|Year : 2020 | Volume
| Issue : 3 | Page : 127-130
Pretibial myxedema: Paradoxical manifestation of thyroid dermopathy after I-131 ablation therapy
Bing-Sian Lin1, Yi-Hsien Chen2, Chih-Tsung Hung2
1 Department of Medicine, National Defense Medical Center, Tri-Service General Hospital, Taipei, Taiwan
2 Department of 2Dermatology, National Defense Medical Center, Tri-Service General Hospital, Taipei, Taiwan
|Date of Submission||04-May-2019|
|Date of Decision||16-Sep-2019|
|Date of Acceptance||21-Oct-2019|
|Date of Web Publication||21-Feb-2020|
Dr. Chih-Tsung Hung
Department of Dermatology, Tri-Service General Hospital, No. 325, Sec. 2, Chenggong Rd., Neihu District, Taipei City 114
Source of Support: None, Conflict of Interest: None
Pretibial myxedema (PM) is an unusual extrathyroidal manifestation of Graves' disease (GD), which affects approximately 1%–5% of the patients.
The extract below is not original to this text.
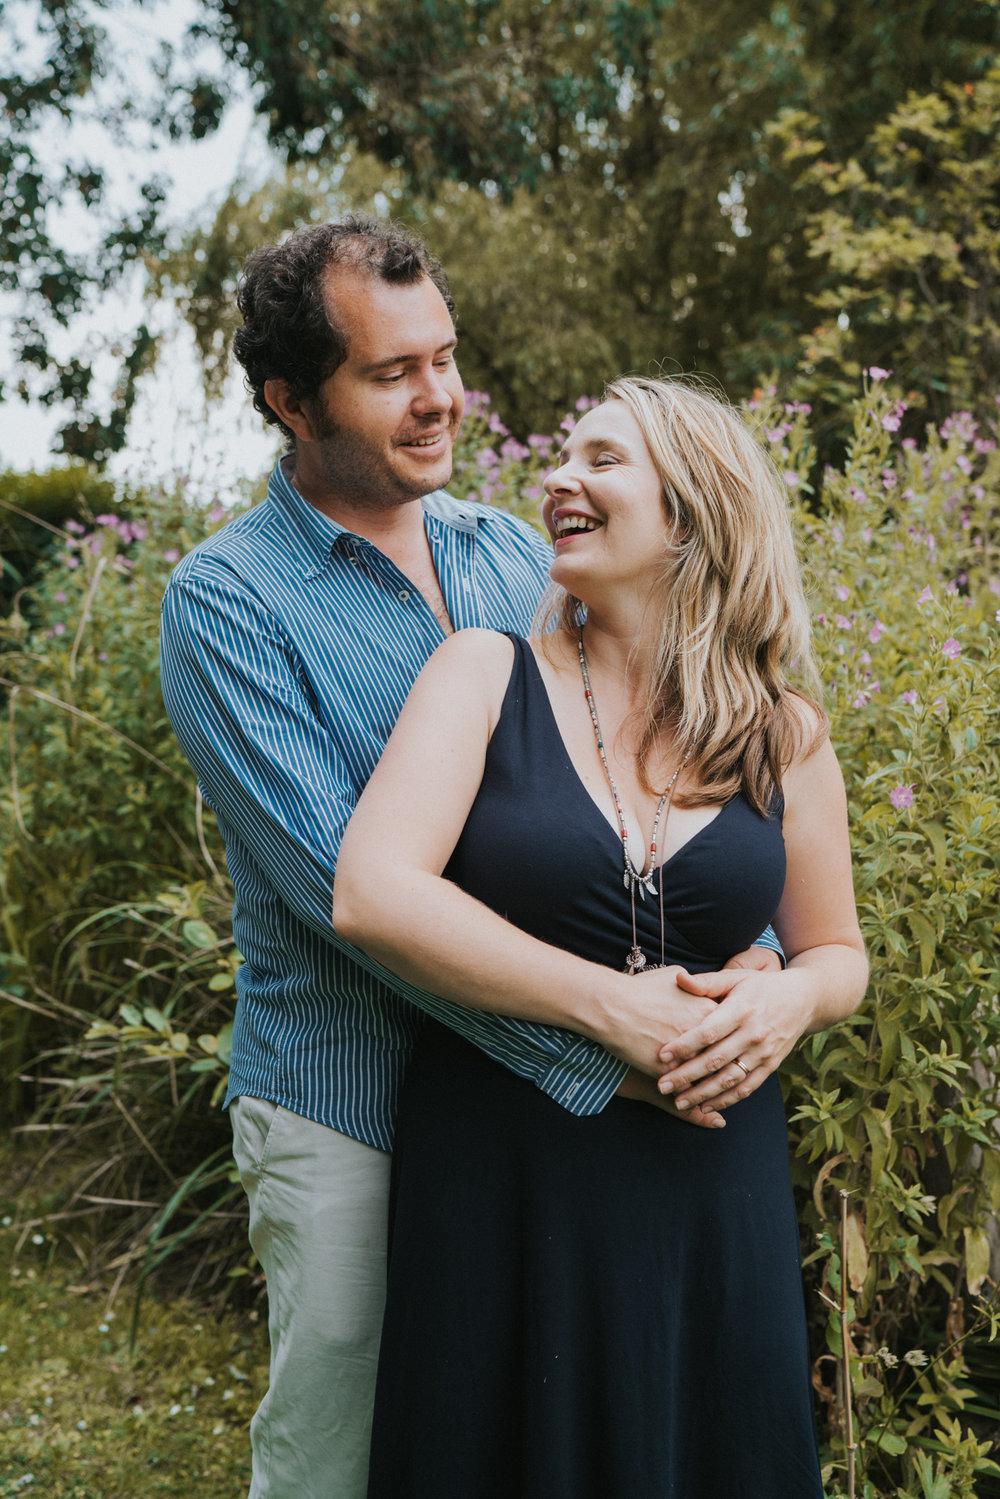 Parkers-Extended-Family-Session-Grace-Elizabeth-Alternative-Wedding-Lifestyle-Photographer-Colchester-Essex-Norfolk-Suffolk-Devon (36 of 62).jpg

In addition, PM usually occurs in the hyperthyroid state of GD, and the high level of thyroid autoantibodies is considered to be the cause of PM. Here, we present a rare case of a patient who developed PM after undergoing I-131 ablation therapy, with normal levels of thyroid autoantibodies. Our report aims to document the features of PM in a male adult with hypothyroidism and to provide a potential mechanism of the onset of PM.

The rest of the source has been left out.